After the US officials’ introduction, my associates and I raised some questions for discussion.
I. Notorious Markets. It seems most big companies in China, like Baidu and Alibaba’s Taobao, have at one point or another been listed as being “notorious” markets by the US government. My first question regarded how the US government decides who shall be added to such a list, and once placed on that list, what changes or improvements must be made in order to be removed from it. The US government officials explained that the US Department of Commerce works with other US government authorities to decide who shall be added to the notorious market list, taking into consideration complaints made by US companies and the results of an investigation carried out by the authorities themselves. On the same note, if companies on the notorious market list have made proper efforts to improve their reputation, the US government will consider removing them from the list, with a combination of a report of the listed company itself. The officials mentioned Taobao as a great example of this process.

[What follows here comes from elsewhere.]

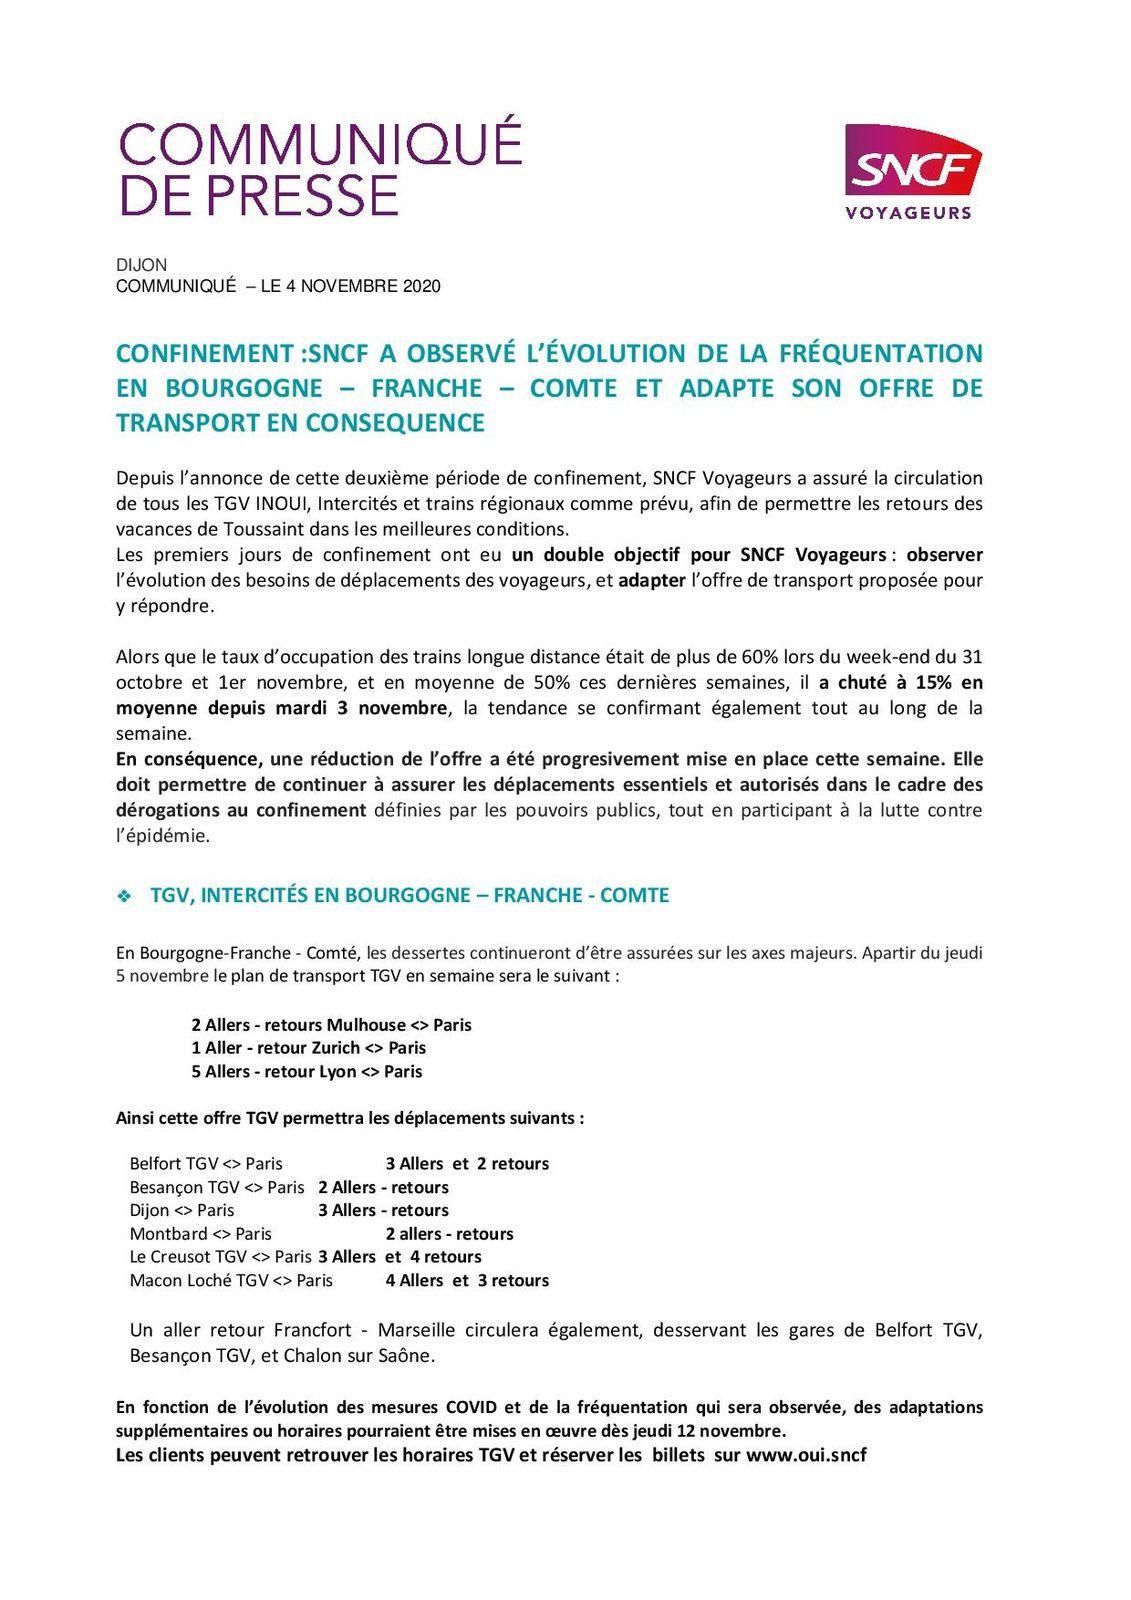 SNCF : Adaptation de son offre de transport pendant le confinement
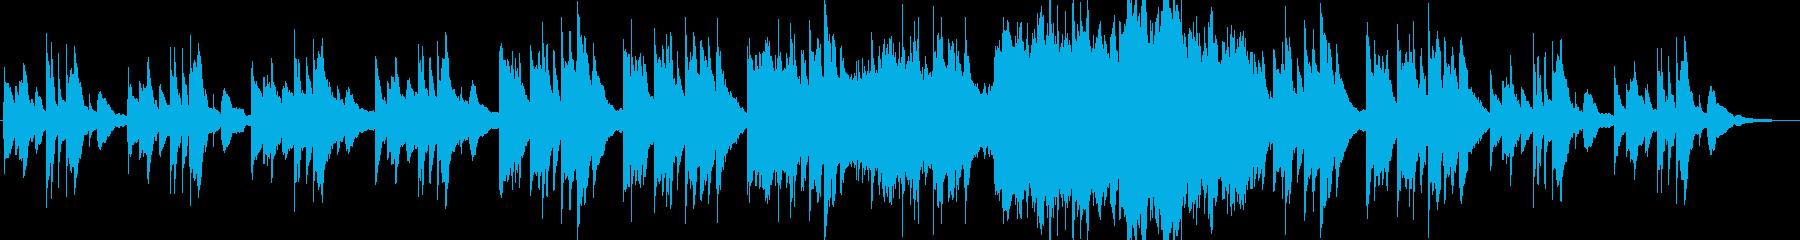 切ない雰囲気の綺麗なクラシックBGMの再生済みの波形

II. OEM. OEMs are typically concerned with trademark law, and the main problem is this: if a manufacturing company’s product has infringed the trademark right of an entity in China, but the product covered by that trademark is not actually sold in China, and is manufactured for export only, then will the sole manufacture of it be deemed to be infringement? The US officials had a deep understanding of Chinese laws, and they knew that the courts in Shanghai and Guangdong have arrived at different conclusions and handed down different judgments over the same type of dispute. Furthermore, they confessed that they had also been confused by this issue, since US companies also have two kinds of benefits concerning that. The first kind of companies are those transnational companies with noted brands, who will apply their trademarks globally. For this reason, even knockoffs manufactured by Chinese companies are not to be sold in China, because the trademark right of the US holders would also be damaged. On that note, some US company’s trademarks would also be squatted in China, even if they are only assembled or manufactured in China and subsequently exported to other countries. At that time, if trademark infringement is determined, surely it would also damage such companies’ benefits and profits.